Boswell C A, Noecker R J, Mac M, Snyder R W, Williams S K
Department of Surgery, Section of Surgical Research, Arizona Health Sciences Center, Tucson, Arizona 85724, USA.
J Biomed Mater Res. 1999;48(5):591-5. doi: 10.1002/(sici)1097-4636(1999)48:5<591::aid-jbm1>3.0.co;2-9.
Aqueous drainage devices for the treatment of glaucoma are subject to the same limitations as most polymeric implants, namely a healing response comprised of chronic inflammation and fibrosis. The most widely used devices are currently made of silicone or polypropylene, materials that exhibit biocompatibility difficulties when they are implanted on the sclera underneath the conjunctiva of the eye. Decreased outflow of aqueous fluid to the conjunctival space caused by the development of a fibrous capsule around the device accounts for at least 20% of aqueous shunts failures. Clearly, the need exists to improve the healing response to aqueous drainage devices, and one approach is to develop new polymers or polymer modifications. Improved devices would elicit a limited fibrotic response while increasing neovascularization around the implant. Previous studies have indicated that denucleation markedly improves the healing characteristics and biocompatibility of expanded polytetrafluoroethylene (ePTFE). We reasoned that altering the design of drainage devices to allow the use of denucleated ePTFE in vivo might minimize fibrosis, thereby improving shunt function. We found that after 8 weeks in vivo, experimental shunt function was equivalent to the Baerveldt shunt, while there was less scarring with increased neovascularizatin. These findings suggest that ePTFE has potential as an improved, long-term alternative material for use in constructing glaucoma shunts.

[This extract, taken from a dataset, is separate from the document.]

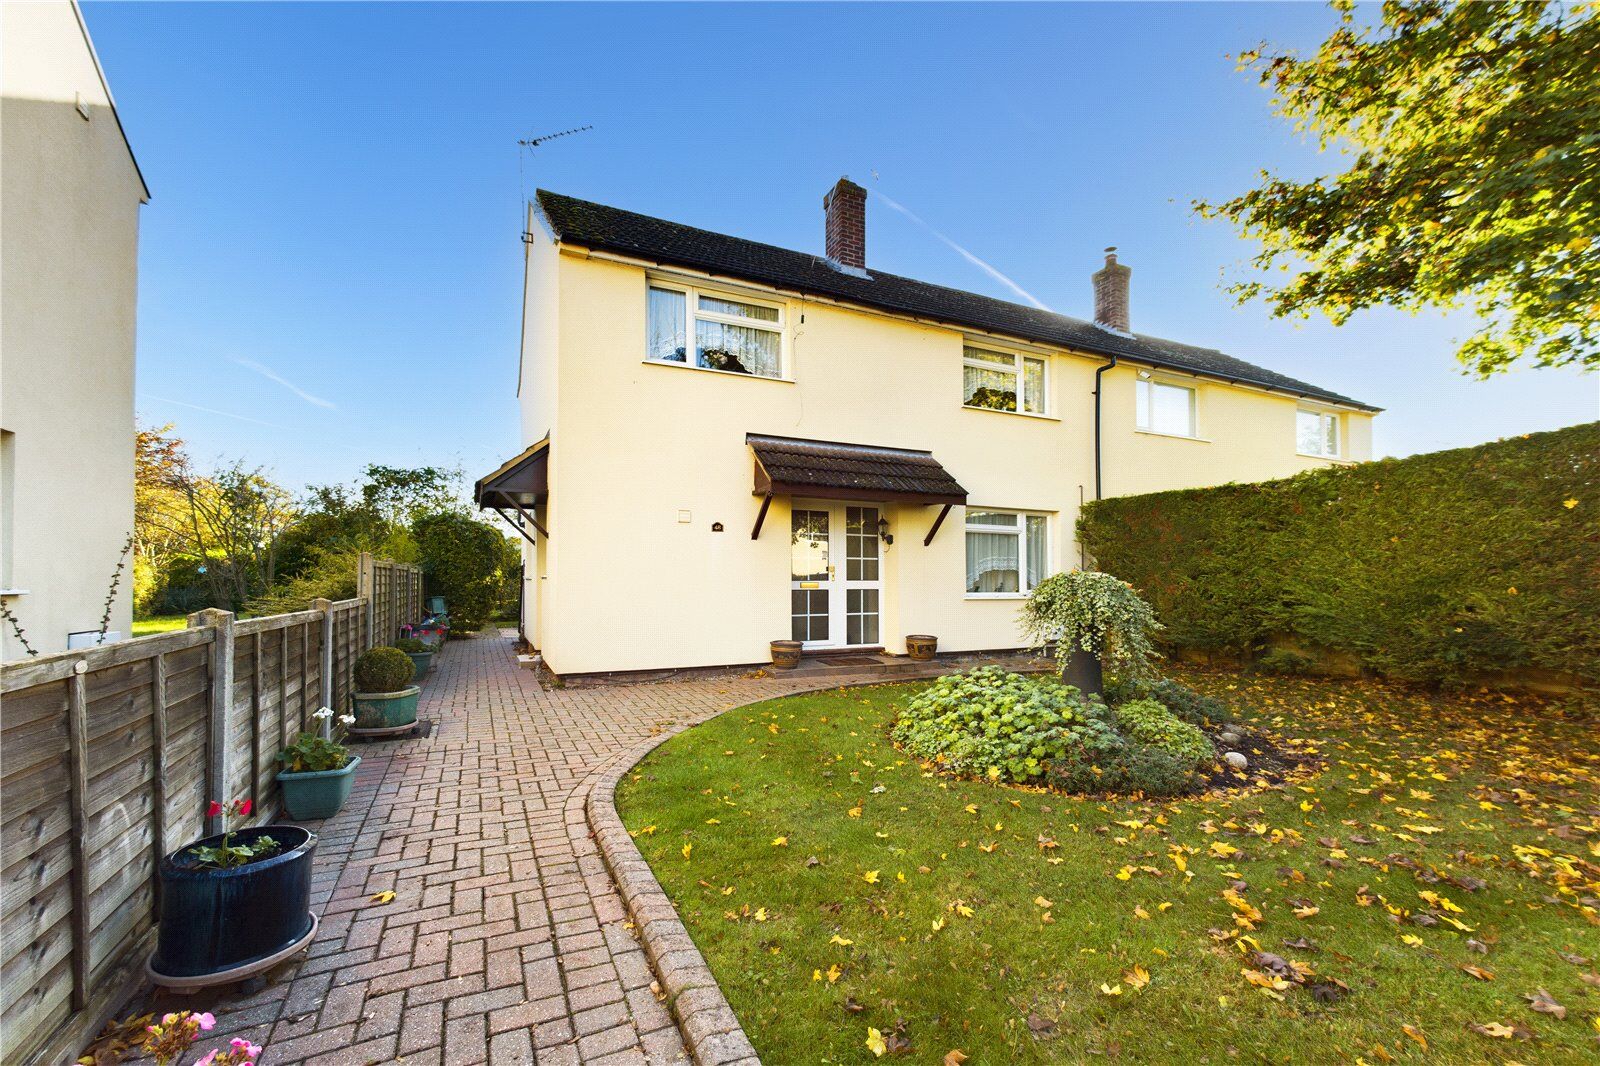 3 bedroom semi detached house for sale Rectory Road, Duxford, CB22, main image

用于治疗青光眼的房水引流装置与大多数聚合物植入物存在相同的局限性,即由慢性炎症和纤维化组成的愈合反应。目前使用最广泛的装置由硅酮或聚丙烯制成,当这些材料植入眼结膜下方的巩膜上时,会出现生物相容性问题。装置周围纤维囊的形成导致房水向结膜间隙的流出减少,这至少占房水分流失败的20%。显然,需要改善对房水引流装置的愈合反应,一种方法是开发新的聚合物或对聚合物进行改性。改进后的装置在增加植入物周围新生血管形成的同时,会引发有限的纤维化反应。先前的研究表明,去核显著改善了膨体聚四氟乙烯(ePTFE)的愈合特性和生物相容性。我们推断,改变引流装置的设计以允许在体内使用去核的ePTFE可能会使纤维化最小化,从而改善分流功能。我们发现,在体内8周后,实验性分流功能与Baerveldt分流相当,同时瘢痕形成较少,新生血管形成增加。这些发现表明,ePTFE有潜力作为一种改良的长期替代材料用于构建青光眼分流装置。